Records to process:
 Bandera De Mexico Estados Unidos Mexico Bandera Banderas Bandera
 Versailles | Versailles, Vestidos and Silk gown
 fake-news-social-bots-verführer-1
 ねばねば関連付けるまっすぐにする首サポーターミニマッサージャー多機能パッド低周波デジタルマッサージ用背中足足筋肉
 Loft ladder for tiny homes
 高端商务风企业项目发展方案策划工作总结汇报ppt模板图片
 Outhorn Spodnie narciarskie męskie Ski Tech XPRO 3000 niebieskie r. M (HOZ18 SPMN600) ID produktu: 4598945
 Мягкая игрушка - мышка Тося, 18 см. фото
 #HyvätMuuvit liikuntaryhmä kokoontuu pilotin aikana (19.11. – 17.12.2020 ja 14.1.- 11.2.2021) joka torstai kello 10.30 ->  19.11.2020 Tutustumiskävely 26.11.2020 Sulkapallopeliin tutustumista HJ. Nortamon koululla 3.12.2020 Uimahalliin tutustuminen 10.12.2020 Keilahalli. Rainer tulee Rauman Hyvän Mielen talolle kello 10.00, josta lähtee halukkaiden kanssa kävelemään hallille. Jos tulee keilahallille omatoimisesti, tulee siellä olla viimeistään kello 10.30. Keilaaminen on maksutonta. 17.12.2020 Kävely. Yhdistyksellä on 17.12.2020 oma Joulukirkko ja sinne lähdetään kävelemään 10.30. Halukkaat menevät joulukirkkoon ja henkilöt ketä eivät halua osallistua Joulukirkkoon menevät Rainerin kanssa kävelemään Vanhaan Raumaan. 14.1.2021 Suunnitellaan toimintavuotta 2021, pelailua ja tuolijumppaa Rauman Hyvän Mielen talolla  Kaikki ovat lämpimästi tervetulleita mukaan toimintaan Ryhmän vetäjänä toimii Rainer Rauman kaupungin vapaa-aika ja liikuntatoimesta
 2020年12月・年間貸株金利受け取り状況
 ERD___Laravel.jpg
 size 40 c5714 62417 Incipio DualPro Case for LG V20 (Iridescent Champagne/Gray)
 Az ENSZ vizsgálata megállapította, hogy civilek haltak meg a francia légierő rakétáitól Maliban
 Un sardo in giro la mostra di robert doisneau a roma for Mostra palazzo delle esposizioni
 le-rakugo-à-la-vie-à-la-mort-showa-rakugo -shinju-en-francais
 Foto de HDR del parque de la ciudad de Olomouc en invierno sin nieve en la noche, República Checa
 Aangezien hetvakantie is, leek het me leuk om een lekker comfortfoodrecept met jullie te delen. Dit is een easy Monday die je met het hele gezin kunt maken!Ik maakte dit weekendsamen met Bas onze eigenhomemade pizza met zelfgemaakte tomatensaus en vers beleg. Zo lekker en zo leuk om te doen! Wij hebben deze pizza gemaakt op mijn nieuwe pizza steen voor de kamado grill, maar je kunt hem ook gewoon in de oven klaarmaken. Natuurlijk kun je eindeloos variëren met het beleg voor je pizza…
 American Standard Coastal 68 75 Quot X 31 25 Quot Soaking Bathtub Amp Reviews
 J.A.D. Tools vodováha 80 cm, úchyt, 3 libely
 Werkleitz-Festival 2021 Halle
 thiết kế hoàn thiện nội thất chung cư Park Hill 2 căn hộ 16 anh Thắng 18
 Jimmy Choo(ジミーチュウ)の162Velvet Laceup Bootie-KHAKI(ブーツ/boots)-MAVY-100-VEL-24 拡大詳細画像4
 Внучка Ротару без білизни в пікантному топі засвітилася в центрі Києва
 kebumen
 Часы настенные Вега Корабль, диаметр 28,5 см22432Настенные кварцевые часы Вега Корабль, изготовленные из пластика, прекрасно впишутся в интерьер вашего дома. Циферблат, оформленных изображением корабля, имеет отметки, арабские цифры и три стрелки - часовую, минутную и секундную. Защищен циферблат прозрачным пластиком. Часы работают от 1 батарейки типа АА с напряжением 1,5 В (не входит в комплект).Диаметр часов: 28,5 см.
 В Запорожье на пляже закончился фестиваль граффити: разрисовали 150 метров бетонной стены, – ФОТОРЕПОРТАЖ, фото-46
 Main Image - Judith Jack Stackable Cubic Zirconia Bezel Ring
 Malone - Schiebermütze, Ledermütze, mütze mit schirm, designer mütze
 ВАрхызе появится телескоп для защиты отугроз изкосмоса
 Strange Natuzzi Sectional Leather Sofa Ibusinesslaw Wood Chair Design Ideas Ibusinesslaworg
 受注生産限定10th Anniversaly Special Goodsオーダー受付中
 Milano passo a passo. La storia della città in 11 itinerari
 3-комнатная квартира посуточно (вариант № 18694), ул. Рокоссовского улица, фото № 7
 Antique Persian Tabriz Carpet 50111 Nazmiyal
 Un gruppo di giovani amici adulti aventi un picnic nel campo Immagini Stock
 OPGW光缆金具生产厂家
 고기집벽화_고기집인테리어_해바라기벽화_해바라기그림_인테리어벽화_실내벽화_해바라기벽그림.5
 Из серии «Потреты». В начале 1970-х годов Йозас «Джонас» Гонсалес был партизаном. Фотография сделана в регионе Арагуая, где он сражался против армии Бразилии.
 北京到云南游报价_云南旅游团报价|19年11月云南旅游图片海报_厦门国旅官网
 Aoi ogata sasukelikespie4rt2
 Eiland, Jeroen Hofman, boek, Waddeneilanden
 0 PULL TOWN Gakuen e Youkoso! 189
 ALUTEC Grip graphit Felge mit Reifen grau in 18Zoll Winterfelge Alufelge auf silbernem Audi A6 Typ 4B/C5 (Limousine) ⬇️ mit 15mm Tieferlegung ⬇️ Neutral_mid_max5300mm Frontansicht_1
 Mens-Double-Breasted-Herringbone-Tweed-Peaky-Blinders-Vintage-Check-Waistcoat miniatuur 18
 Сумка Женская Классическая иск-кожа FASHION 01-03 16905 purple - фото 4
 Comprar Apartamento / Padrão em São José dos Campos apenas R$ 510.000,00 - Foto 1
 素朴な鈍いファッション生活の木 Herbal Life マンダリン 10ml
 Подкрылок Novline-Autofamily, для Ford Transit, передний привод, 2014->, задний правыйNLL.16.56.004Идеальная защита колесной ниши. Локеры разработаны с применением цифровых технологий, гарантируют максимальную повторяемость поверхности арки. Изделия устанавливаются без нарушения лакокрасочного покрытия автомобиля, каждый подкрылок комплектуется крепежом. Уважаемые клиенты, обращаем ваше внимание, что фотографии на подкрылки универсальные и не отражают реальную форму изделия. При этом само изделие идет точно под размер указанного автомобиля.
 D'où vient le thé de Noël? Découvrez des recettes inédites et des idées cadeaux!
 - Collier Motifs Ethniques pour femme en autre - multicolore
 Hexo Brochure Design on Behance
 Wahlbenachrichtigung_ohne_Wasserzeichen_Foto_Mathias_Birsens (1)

What you should do: Within the material above, copy exactly the lines from the line that holds "Az ENSZ vizsgálata" up to and including the line that holds "Foto de HDR".

Result of this exercise:
 Az ENSZ vizsgálata megállapította, hogy civilek haltak meg a francia légierő rakétáitól Maliban
 Un sardo in giro la mostra di robert doisneau a roma for Mostra palazzo delle esposizioni
 le-rakugo-à-la-vie-à-la-mort-showa-rakugo -shinju-en-francais
 Foto de HDR del parque de la ciudad de Olomouc en invierno sin nieve en la noche, República Checa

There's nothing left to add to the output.